Yes. Without continuity, counter-example exists.
Claim 1: There exists a countable subset $A\subseteq[0,\infty)$ whose
elements are $\mathbb{Q}$-linearly independent, in the sense that:
For any pairwisely distinct $a_{1},a_{1},\ldots,a_{n}\in A$ and $r_{1},r_{2},\ldots,r_{n}\in\mathbb{Q}$,
if $\sum_{k=1}^{n}r_{k}a_{k}=0$, then $r_{1}=\ldots=r_{n}=0$.
Proof of Claim 1: We construct $A$ by recursion. Pick any $a_{1}\in\mathbb{R}\setminus \{0\}$.
Suppose that $a_{1},a_{2},\ldots,a_{n}$ have been chosen such that
they are $\mathbb{Q}$-linearly independent. Note that $\{\sum_{k=1}^{n}r_{k}a_{k}\mid r_{k}\in\mathbb{Q}\}$
is a countable set while $\mathbb{R}$ is uncountable, so we may choose
$a_{n+1}\in\mathbb{R}\setminus\{\sum_{k=1}^{n}r_{k}a_{k}\mid r_{k}\in\mathbb{Q}\}$. We go to verify that for any $r_{k}\in\mathbb{Q}$ if $\sum_{k=1}^{n+1}r_{k}a_{k}=0$,
then $r_{1}=\ldots=r_{n+1}=0$. If $r_{n+1}\neq0$, then $a_{n+1}=-\frac{r_{1}}{r_{n+1}}a_{1}-\ldots-\frac{r_{n}}{r_{n+1}}a_{n}$,
contradicting to how $a_{n+1}$ is chosen. Now $r_{n+1}=0$, and the expression reduces to $\sum_{k=1}^{n}r_{k}a_{k}=0\Rightarrow r_{1}=r_{2}=\ldots=0$ by induction hypothesis.
Define $A=\{a_{1},a_{2},\ldots\}$. It is clear that $A$ is $\mathbb{Q}$-linearly independent.

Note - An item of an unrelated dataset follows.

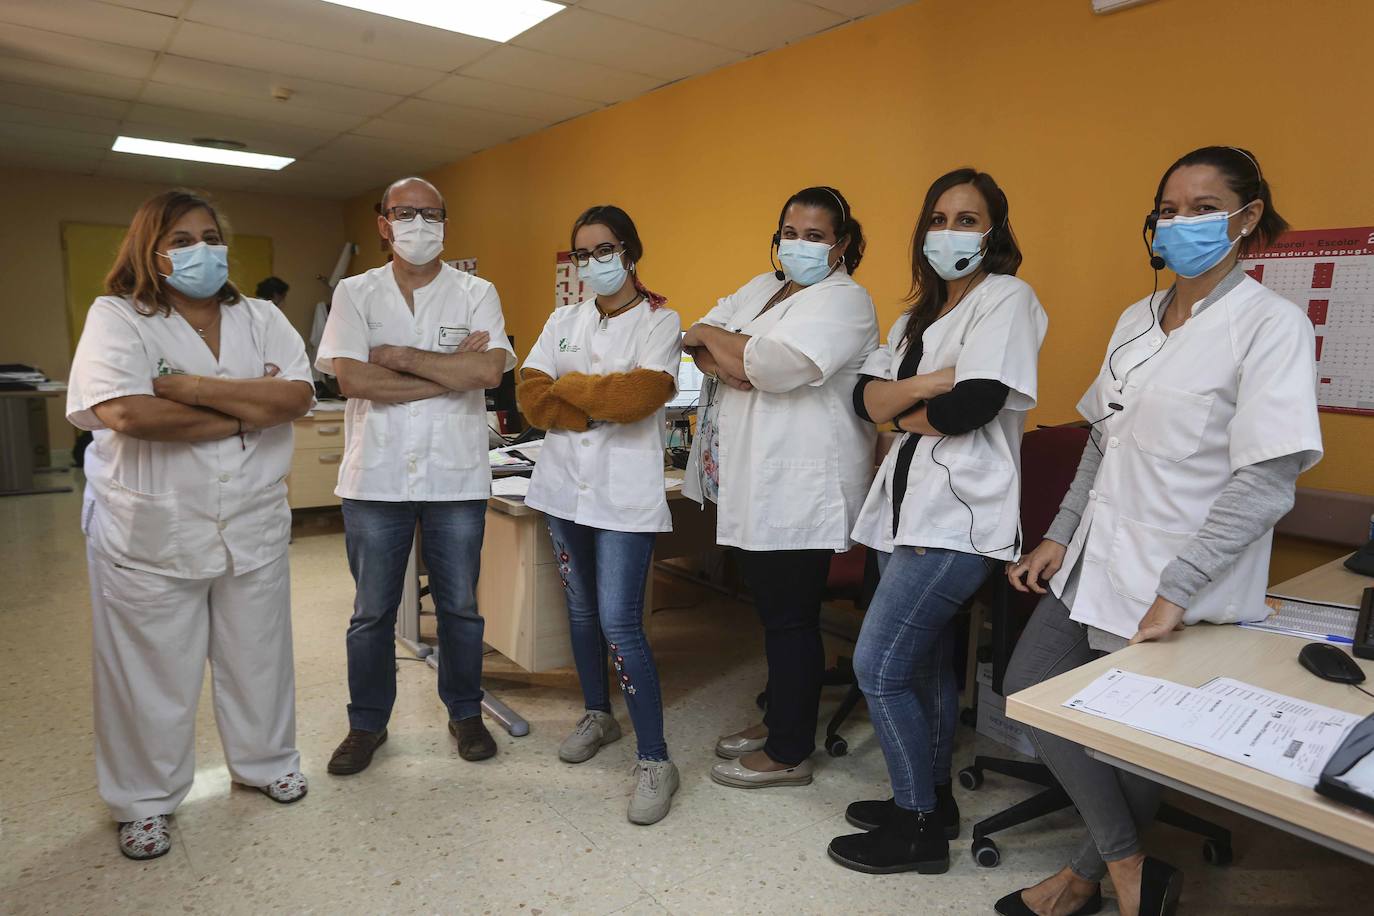 Quinta planta. La epidemióloga Mara Álvarez y el equipo de seguimiento: Rafael Romero, Carolina Mancera, Ana González, Zulaica Gutierrez y María Gallego.

Enumerate $A=\{a_{1},a_{2},\ldots\}$. For each $i$, choose $r_{i}\in\mathbb{Q}$
suitably such that $r_{1}a_{1}>r_{2}a_{2}>r_{3}a_{3}>\ldots>0$ and
$r_{n}a_{n}\rightarrow0$. Clearly, such a choice exists. For, choose
$r_{1}\in\mathbb{Q}$ such that $r_{1}a_{1}\in(0,1)$. Suppose that
$r_{1},r_{2},\ldots,r_{n}$ have been chosen. Choose $r_{n+1}\in\mathbb{Q}$
such that $r_{n+1}a_{n+1}\in(0,\frac{1}{n+1}\wedge r_{n}a_{n})$.
(Here $x\wedge y:=\min(x,y)$. Denote $b_{n}=r_{n}a_{n}$. Let $B=\{b_{1},b_{2},\ldots\}$.

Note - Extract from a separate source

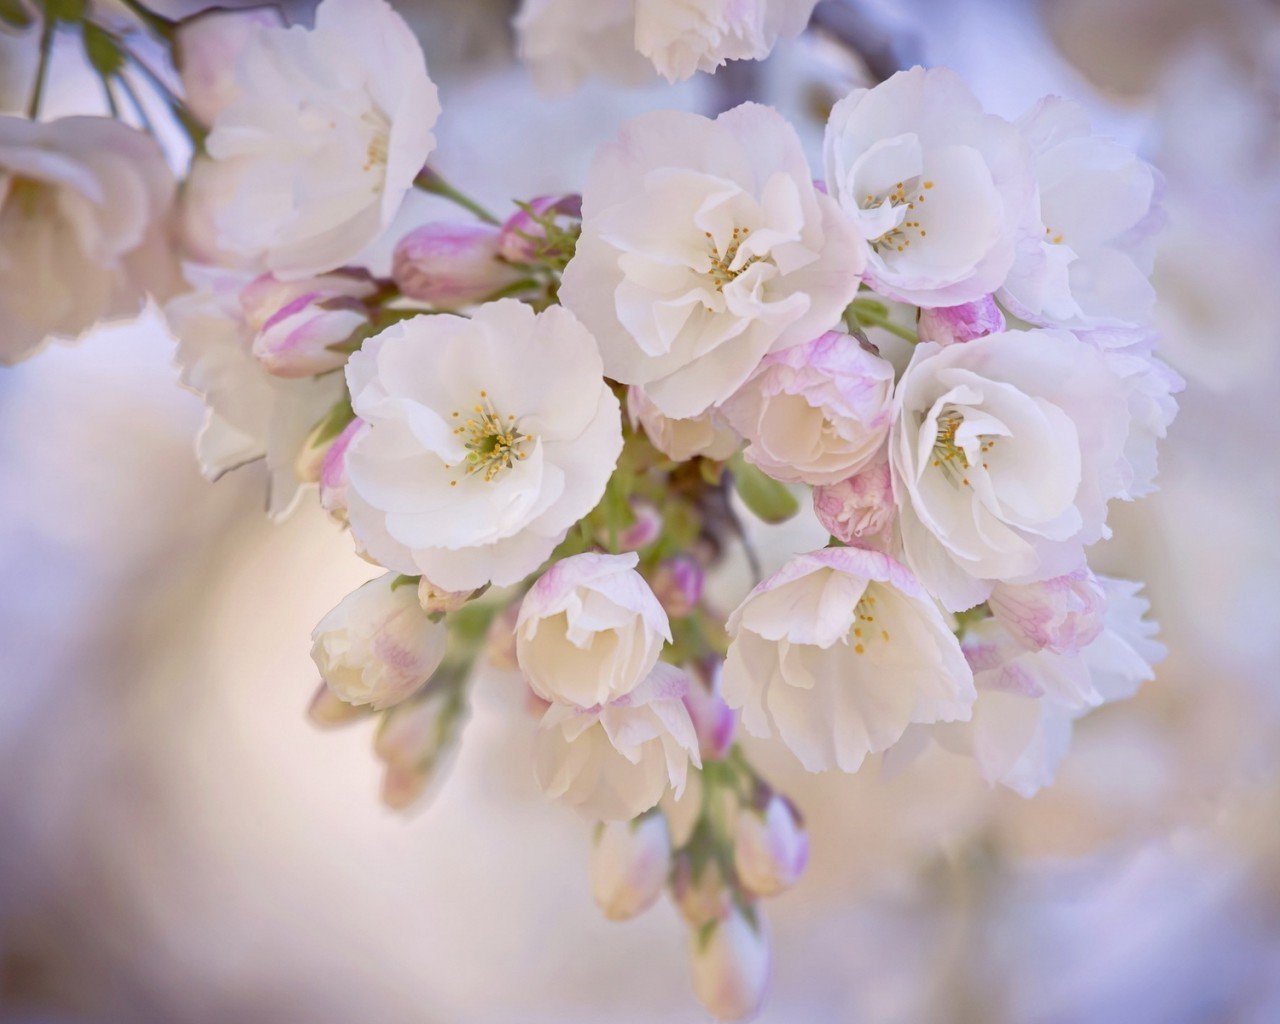 цветы цветок природа флора вишня филиал лист лепесток сад цветочные блюминг дерево дружище нежный лето рост яблоко яркий пасха цвет

Observe that $B$ is still $\mathbb{Q}$-linearly independent.
Define $f:\mathbb{R}\rightarrow\mathbb{R}$ by $f(x)=1_{B}(x)$. Clearly
it is false that $\lim_{x\rightarrow0}f(x)=0$ because $f(b_{n})=1$
but $b_{n}\rightarrow0$. Next, we verify that $f(\frac{x}{n})\rightarrow0$
for each $x\in\mathbb{R}$. Observe that for each $x\in\mathbb{R}$,
there exists at most one $n$ such that $\frac{x}{n}\in B$. For,
if there exist $n_{1}<n_{2}$ such that $\frac{x}{n_{1}},\frac{x}{n_{2}}\in B$,
then $n_{1}\left(\frac{x}{n_{1}}\right)+(-n_{2})\left(\frac{x}{n_{2}}\right)=0$,
contradicting that $B$ is $\mathbb{Q}$-linearly independent. Now,
it is obvious that $f(\frac{x}{n})\rightarrow0$.